The decline policy is connected with the engagement, too. It’s about removing the recipients who did not engage with your emails within a certain amount of time (60 days, 90 days, etc.) from your list. You should do it once a year.
Here are the tools I would recommend to use for your reputation and brand monitoring.
- Senderscore.org. It is run by Return Path. The score ranks from 0 to 100, 100 being the best. It tells you how you’re performing. Typically it’s recommended that you maintain your sender score of 90 or better.
- Senderbase.com. It is run by Cisco and it tells you how your reputation is across all the network providers Cisco manages. The reputation score is grouped into Good, Neutral, and Poor.
Good mean that little or no threat activity has been observed from your IP address or domain. Your email or Web traffic is not likely to be filtered or blocked.
Neutral means that your IP address or domain is within acceptable parameters. However, your email or Web traffic may still be filtered or blocked.
Poor means that a problematic level of threat activity has been observed from your IP address or domain. Your email or Web traffic is likely to be filtered or blocked.

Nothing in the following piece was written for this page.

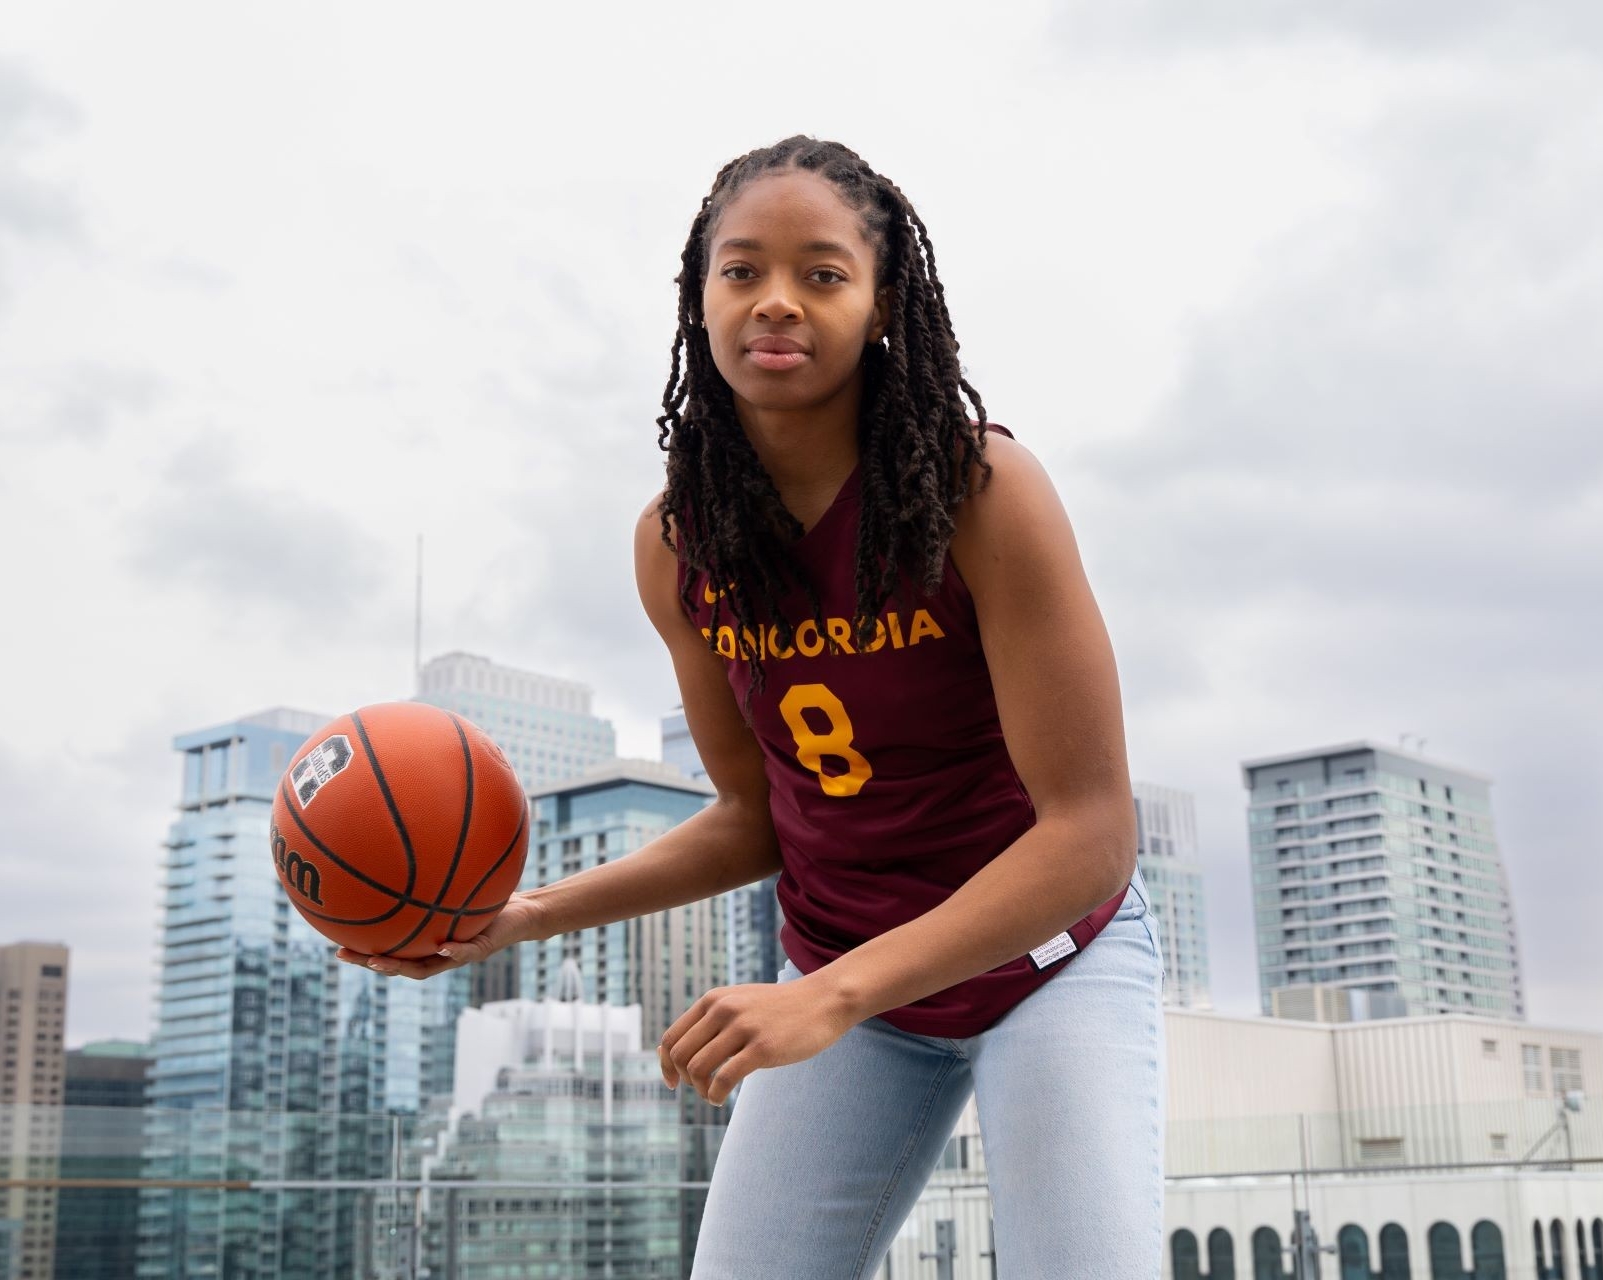 A female basketball player in Concordia uniform posing with a basketball, with Montreal's skyline in the background.

- Postmaster.google.com. This is the first time Google has ever offered senders to see their reputation. You can signup, enter your domain name and add the provided TXT record to the DNS configuration to verify your domain. On successful verification, your account will have access to the domain’s data on Google Search Console.

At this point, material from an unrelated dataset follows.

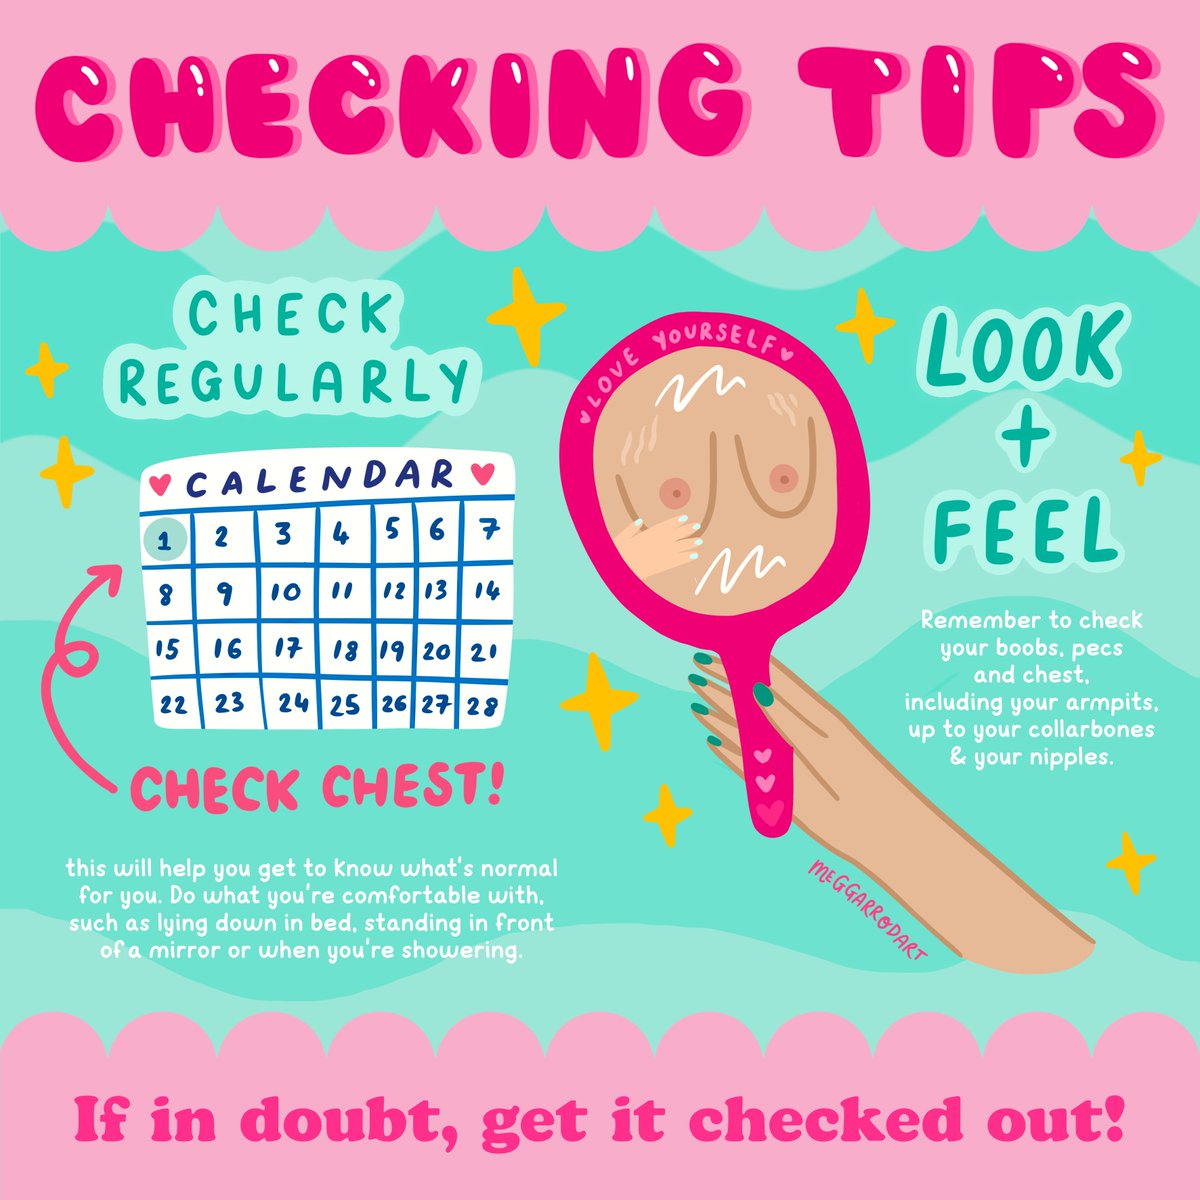 Look, Feel and Touch. Getting to know your normal is as easy as that. If in doubt, get it checked out. For checking guidance hit the link bit.ly/45nXQQs 🎨 @meggarrodart

- Postmaster.live.com. Microsoft’s Smart Network Data Services gives you the information about the traffic originating from your IP address such as the volume of sent emails, complaint rates, and spam trap hits.

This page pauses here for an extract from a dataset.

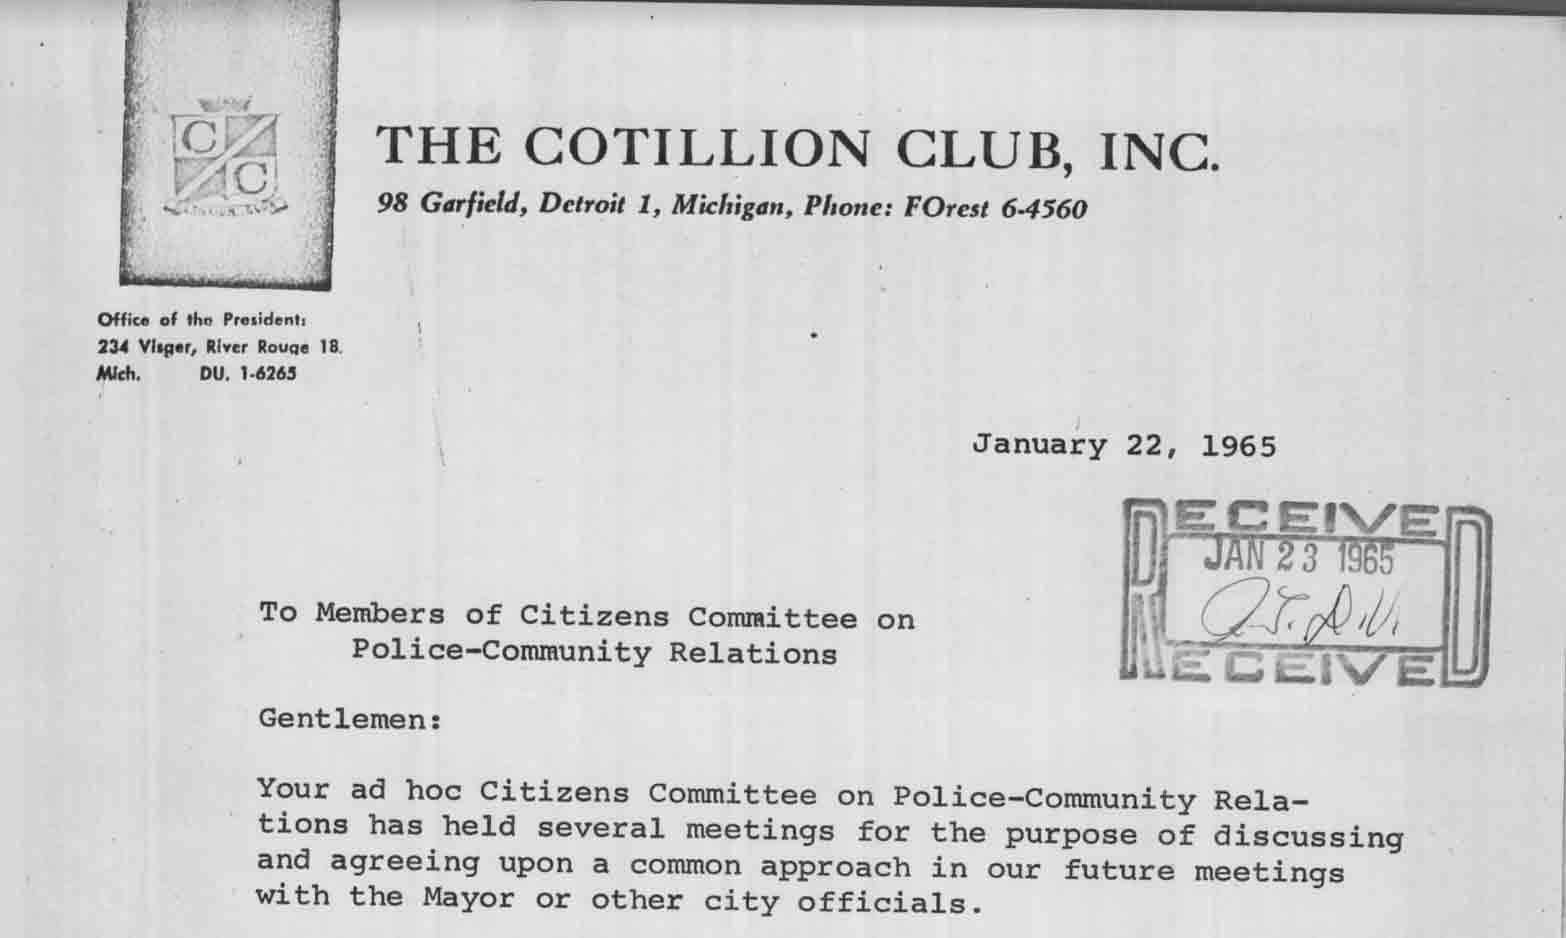 Letter from The Cotillion Club to Members of Citizens Committee on Police-Community Relations

There is also a three-color scale that lets you know how much of your mail has been filtered by Microsoft. Green means that less than 10% of your messages have been filtered by their technologies. Yellow means that 10-90% have been filtered and red means that 90%+ messages have been filtered.
- GlockApps.com. It is a good place for testing and monitoring sender reputation and email deliverability. It shows your sender score and email spam score, tests your authentication records and email placement at different mailbox providers.
Plus, GlockApps can test your sending IP against 50+ of the most common industry blacklists including Spamhaus, SURBL, SORBS, and others and help you diagnose and solve deliverability issues for continuous deliverability. You can setup an automated process of checking your IPs against blacklists using the GlockApps uptime IP monitor and be alerted via email, Slack or Telegram when the IP got listed.
There are two types of spam traps: recycled and pristine.
Recycled spam traps are email addresses that were used by a person and then abandoned. Typically, if the email address has been dormant for the last six months, a lot of ISPs will convert it into a spam trap.
If you send to recycled spam traps, it shows that you don’t have good list hygiene or you are not actively removing your unengaged users.
The other type of spam trap is pristine. These are the ones that you don’t definitely want to be getting. Pristine spam traps are set up by ISPs and anti-spam organizations with the purpose to catch spammers.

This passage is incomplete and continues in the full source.